• [WORK REQUEST]:
Using only the entries below, output the lines starting at the one containing "9 Days Luang" and ending at the one containing "Lyst - Dolce", exactly and inclusive of both, omitting the pictures.

• [SUPPLIED MATERIAL]:
-- Opening Marker --

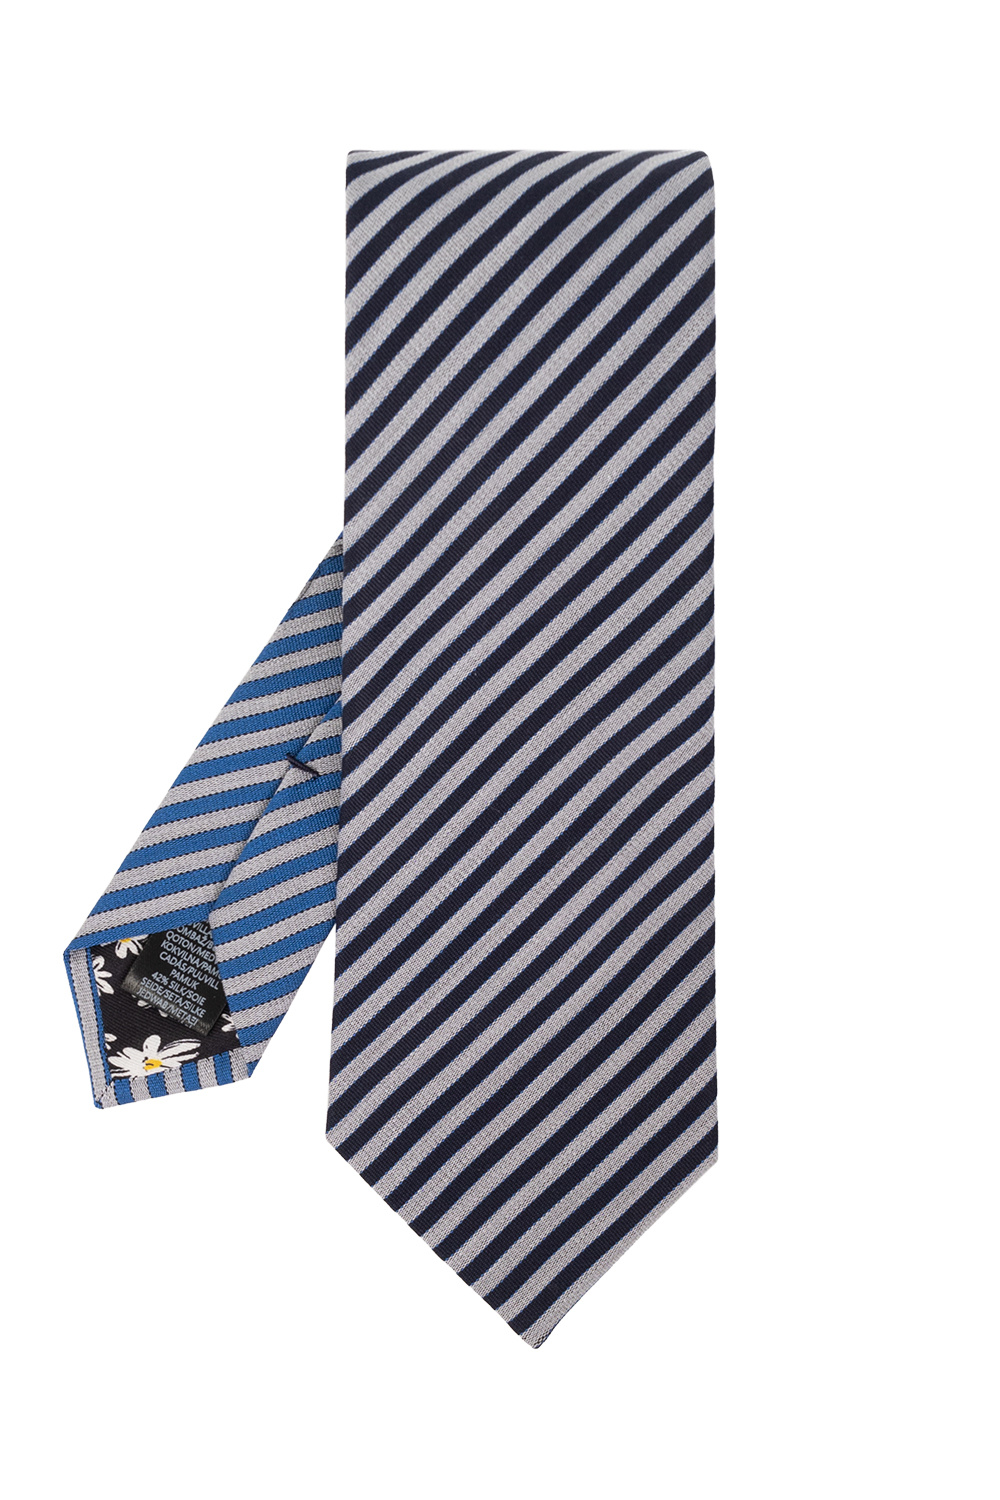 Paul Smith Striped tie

-- Closing Marker --
-- Opening Marker --

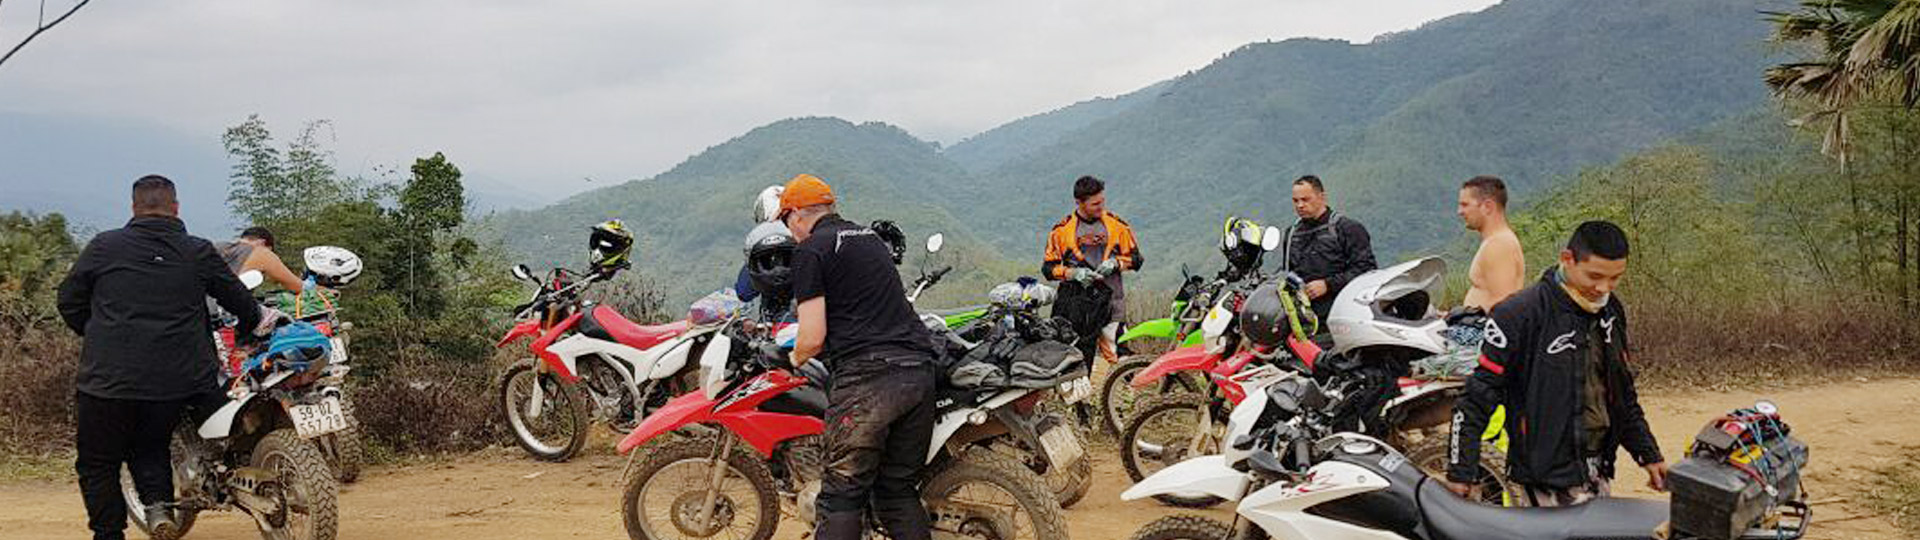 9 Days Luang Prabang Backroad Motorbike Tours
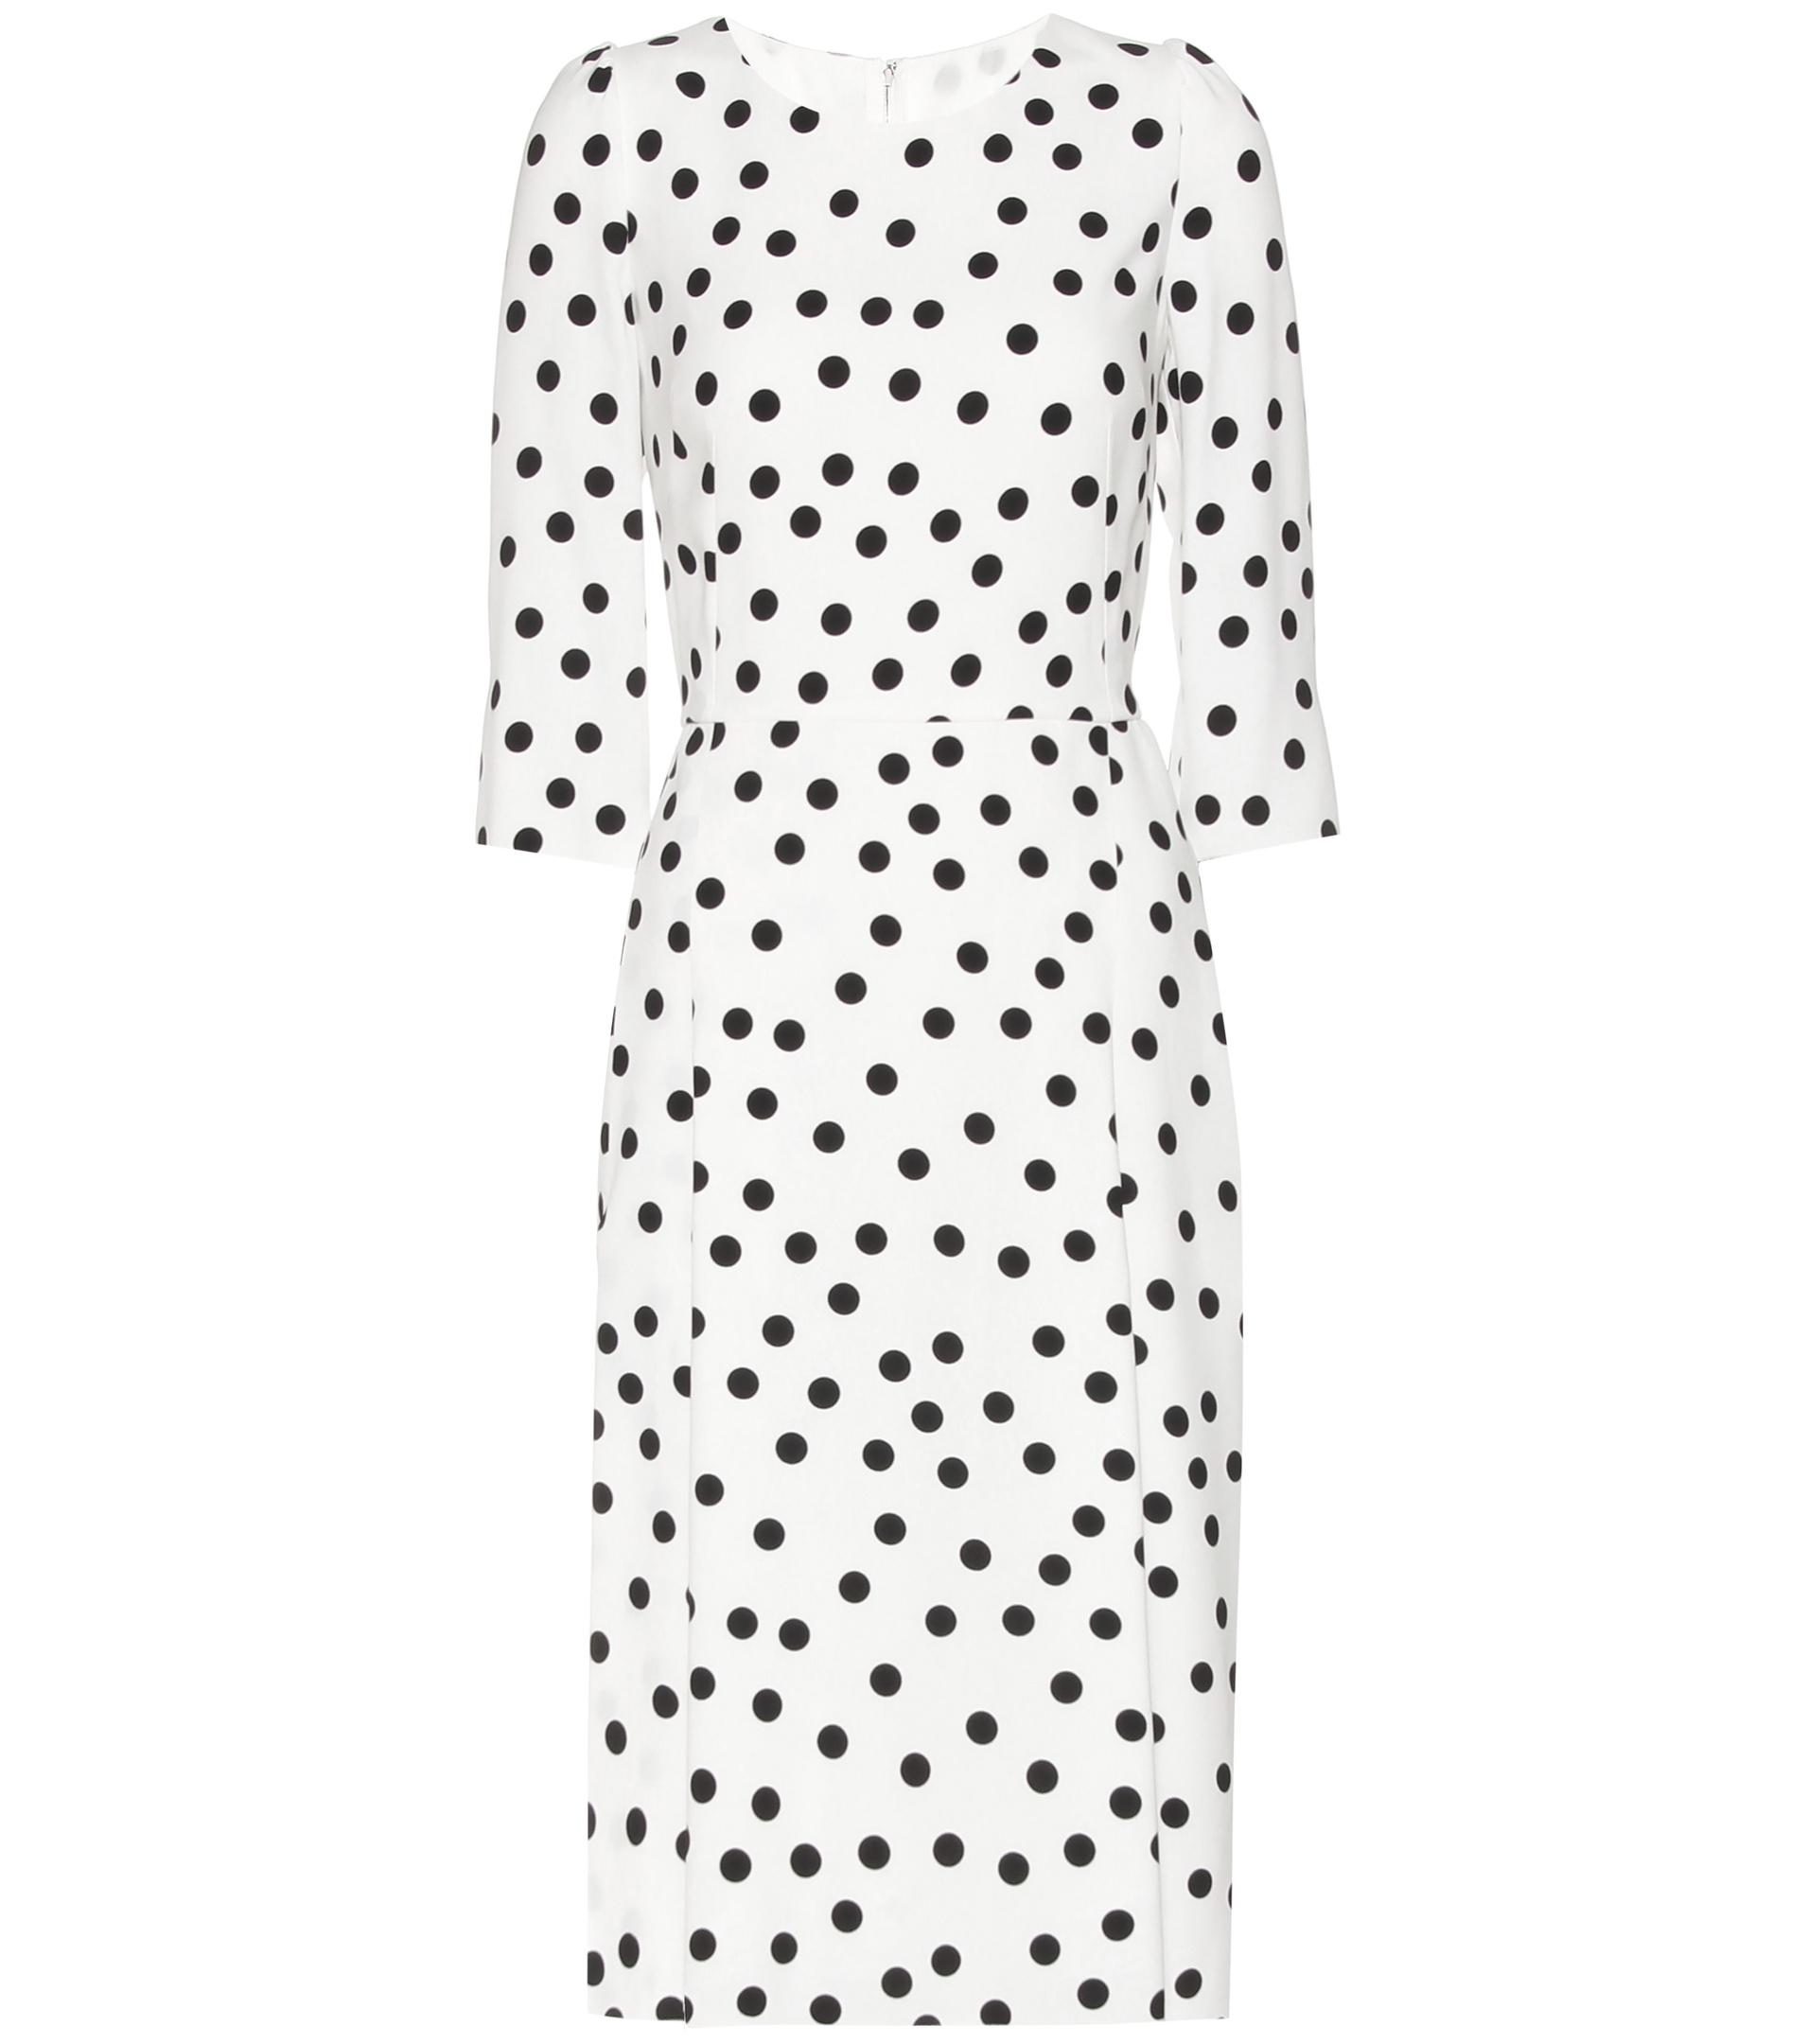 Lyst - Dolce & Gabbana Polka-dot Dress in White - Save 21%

-- Closing Marker --

• [REPLY TO THE EXERCISE]:
 9 Days Luang Prabang Backroad Motorbike Tours
 Lyst - Dolce & Gabbana Polka-dot Dress in White - Save 21%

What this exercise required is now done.